The dressing rooms are located at the other end of the clothing section, so I march in that direction. As I stream through the racks, slapping my hands against the displays, I cut my head left and right in case mom is browsing on one of the cross streets. I see lots of people hidden in the clothing — children, old ladies sitting in chairs, adults examining price tags on bended knee — but my mother is nowhere to be found.

When I reach the dressing rooms and turn the corner, I spot two portly ladies wearing Wal-Mart uniforms. They are deeply engrossed in conversation. The women are picking up clothing that has fallen or been thrown on the floor and returning them to clothes hangers. Their animated discussion apparently distracts them from the mind-numbingly dull chore in which they are engaged.

Parked next to the women, enthralled by their conversation, who should I see? Mom laughs and bobs her head. Still sitting on the electric scooter, she holds a garment in her lap, although I cannot tell what it is from where I stand. The metal basket attached to the scooter is filled with groceries.

The women break off from their talk when they realize I am watching them. The older of the two addresses me in her pleasant, we-must-be-nice-to-the-customers-no-matter-how-annoying-they-are voice. “Can I help you, sir?”

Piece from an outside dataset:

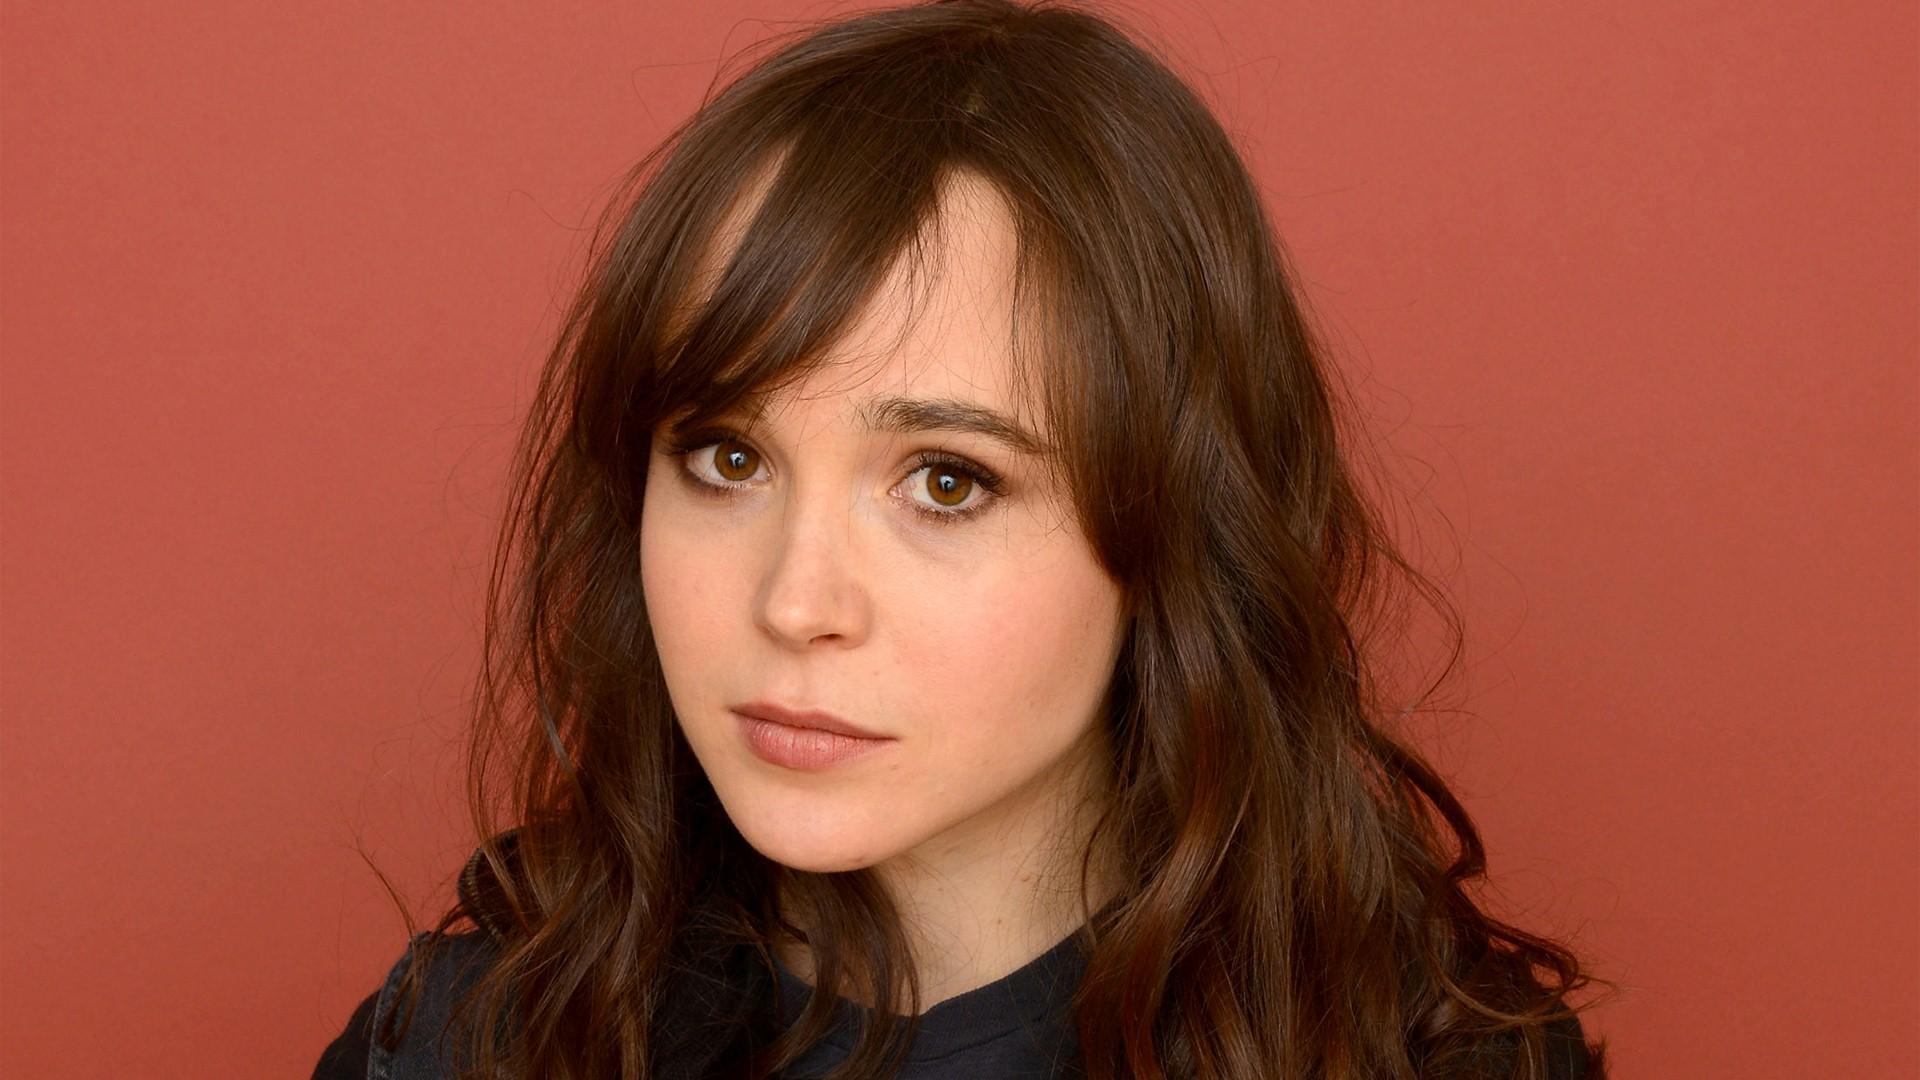 Fashion Ellen Page wallpapers (1069)

I point. “I believe you have my mother there.”

She smiles. “Who? Shirley? What a sweet lady she is.”

I cut my eyes at mom. “You’re going by Shirley now? I thought your alias was Maureen.”

She laughs.

“We were wondering who she belonged to. Obviously, she can’t really tell us.”

“Listen, Shirley, I asked you to wait for me at Aisle 9 in the grocery section.”

Still smiling, mom holds up a bra. It must be the item she originally wanted to buy but could not tell me about. “Look, Michael! I have found a bustier!”